There is no legal maximum, but FSCS protection caps at £85,000 per person per institution. For sums above this, use multiple providers or consider NS&I fixed bonds, which are backed by HM Treasury with no protection limit. NS&I Guaranteed Growth Bonds are available from £500 up to £1 million per person.

Can I put a fixed-rate bond inside an ISA?

Yes — fixed-term Cash ISAs work in the same way as fixed-rate bonds but shelter all interest from tax. They are particularly valuable for higher-rate taxpayers whose PSA of £500 is quickly exceeded. You can contribute up to £20,000 per year into ISAs, and the balance can be held in a fixed-term ISA at a competitive locked rate.

What happens to my money if the bank fails during a fixed-rate bond term?

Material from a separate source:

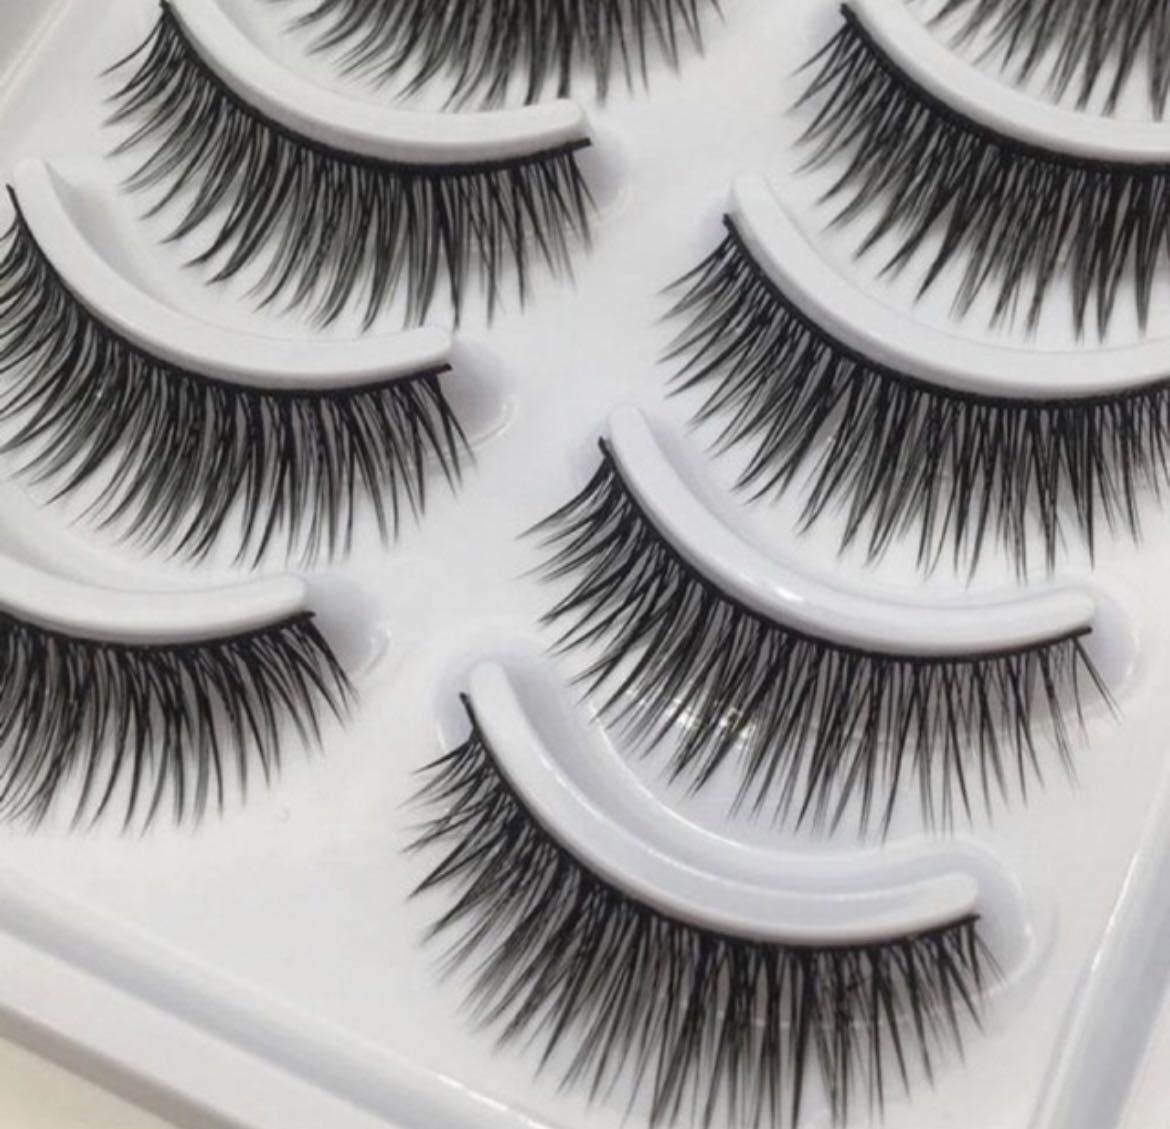  eyelashes extensions 10 pair new goods 12mm eyelashes extensions diamond Rush eyelashes extensions eyelashes pair eyelashes black 10 pair pack eyelashes extensions

Your money is protected by the Financial Services Compensation Scheme (FSCS) up to £85,000 per authorised institution. If the bank fails, FSCS compensates you within 7 days for the full covered amount including any accrued interest. Always check that the provider is FSCS-protected (regulated by the FCA or PRA) before depositing. Some banks operate under the same FSCS licence — for example, Halifax and Bank of Scotland share one £85,000 limit.

Are fixed-rate bonds better than premium bonds?

Fixed-rate bonds offer certainty — you know exactly what return you will get. Premium bonds offer tax-free prizes but the average prize rate (currently equivalent to around 4.4%) is not guaranteed and varies monthly. If you are a non-taxpayer or a basic-rate taxpayer within your Personal Savings Allowance (£1,000 for basic-rate), a competitive fixed-rate bond will often match or beat premium bonds. Higher-rate taxpayers with large savings balances tend to benefit more from premium bonds' tax-free status.

Can I add money to a fixed-rate bond after opening it?

Usually no. Most fixed-rate bonds require you to deposit the full amount at opening and do not accept top-up deposits during the term. This is one of their key differences from easy-access accounts. Some providers offer a brief funding window (typically 14-30 days) during which you can add funds, but once closed, the balance is fixed for the duration. If you want flexibility, a notice account or cash ISA may be more suitable.

How is interest from a fixed-rate bond taxed?

Interest from fixed-rate bonds is taxable income, added to your total income for the year. Basic-rate taxpayers have a Personal Savings Allowance of £1,000; higher-rate taxpayers £500; additional-rate taxpayers £0. Interest earned above your PSA is taxed at your marginal rate. For large balances, a Cash ISA may be more tax-efficient even if the advertised rate is slightly lower, because ISA interest is completely tax-free.